Manuscript available for review by interested publishing partners. Contact Zac Northup at: officialzacnorthup@zacnorthup.com
Eddie Yoho was afraid the sound of his breathing would get them killed. It echoed off the cold concrete floors and brick walls as he approached the next corner. He calmed himself and focused on what he needed to do to survive another day.
The conical lights hanging from the high ceiling were still on. A dead SS guard was on the floor next to his feet. He looked over his shoulder to make sure Wilkins and Sergeant Smet were still behind him. Smet nodded him forward. Eddie pursed his lips and pulled the butt of his rifle into his shoulder. He took three short breaths and rounded the corner.
The Story: While clearing buildings in a newly liberated subcamp of Flossenbürg, Eddie’s squad engages a group of SS guards in one of the camp’s administrative outbuildings. In the chaos of the firefight, they accidentally kill several prisoners — including David Levy, a Lagerschreiber (camp clerk). As Levy lies dying from wounds, he begs them to find his wife, Elise, who was taken to the nearby women’s subcamp at Zwodau.
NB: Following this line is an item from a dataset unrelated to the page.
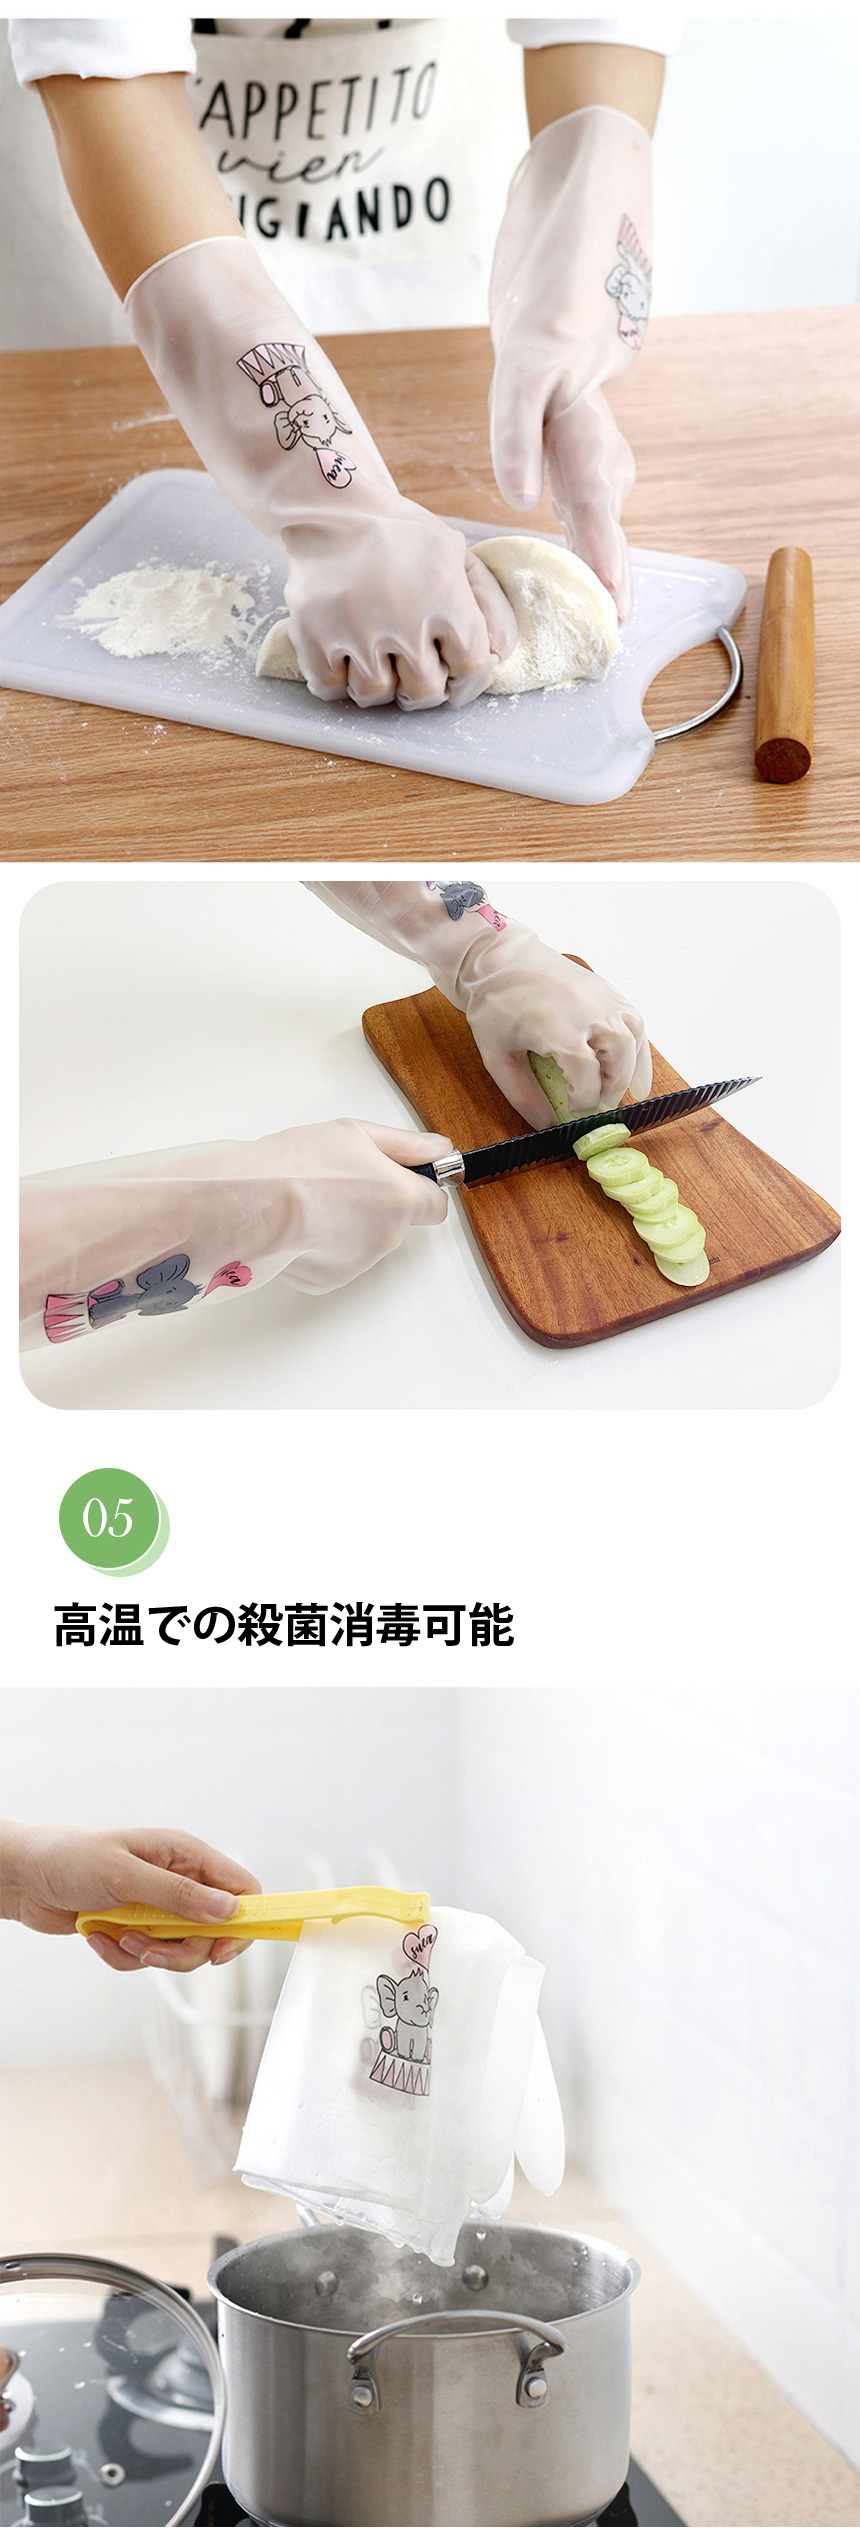 韓国万能タイプ ニトリル ゴム手袋 ニトリルグローブ/ 引っ張り・突き刺し・耐摩耗性

Rising Action & Stakes: Over the course of a single, brutal day, Eddie and his squad venture deeper into the collapsing, partially liberated camp in search of Elise. They face fanatical SS holdouts, desperate and starving prisoners, and the horrific evidence of what was done in the final hours of the war. As the day wears on, the men are forced to confront not only external dangers but also the growing realization that they may have already become the kind of men they once feared. Finding Elise becomes more than a rescue mission — it becomes a desperate attempt to reclaim some part of their humanity before the war ends and they are forced to return home as changed men.
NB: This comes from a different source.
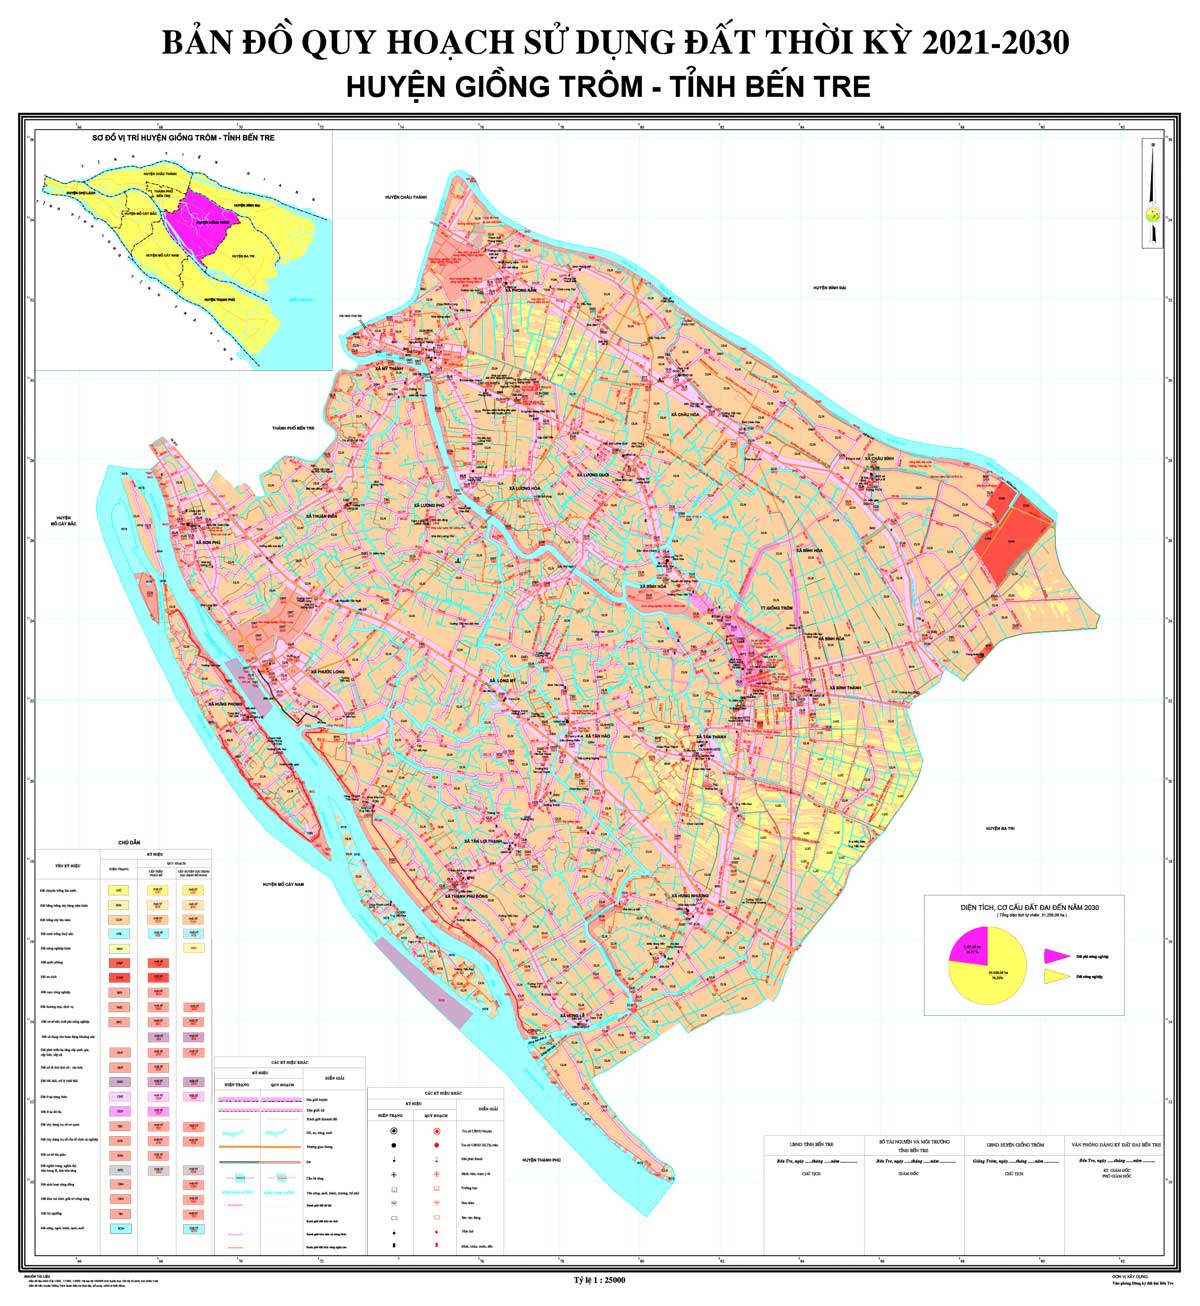 Bản đồ QHSDĐ huyện Giồng Trôm đến năm 2030

A small group of battle-hardened American infantrymen — serves as the collective ensemble protagonist of the story.
At the center of the group is Private Eddie Yoho, 31, a quiet, tobacco-chewing rifleman from rural West Virginia. The oldest man in the platoon, he is often called “Old Man” by the others. Like so many who have endured months of brutal combat, Eddie has been deeply changed by the war. He is a steady, reliable soldier who looks out for his friends, but he no longer recognizes the man he has become and has lost hope that he can ever return to the person he was before the war. His only remaining desire is to survive long enough to make it home to his wife and newborn daughter.
Alongside Eddie are the other members of the squad — ordinary men worn down by sustained combat since Normandy. Each carries his own exhaustion, anger, fears, and fractured sense of morality. As they move through the horrors of the concentration camp and become entangled in the search for Elise, the squad functions as a single, conflicted organism — their individual personalities, disagreements, small acts of humanity, and moments of moral compromise driving the story forward together.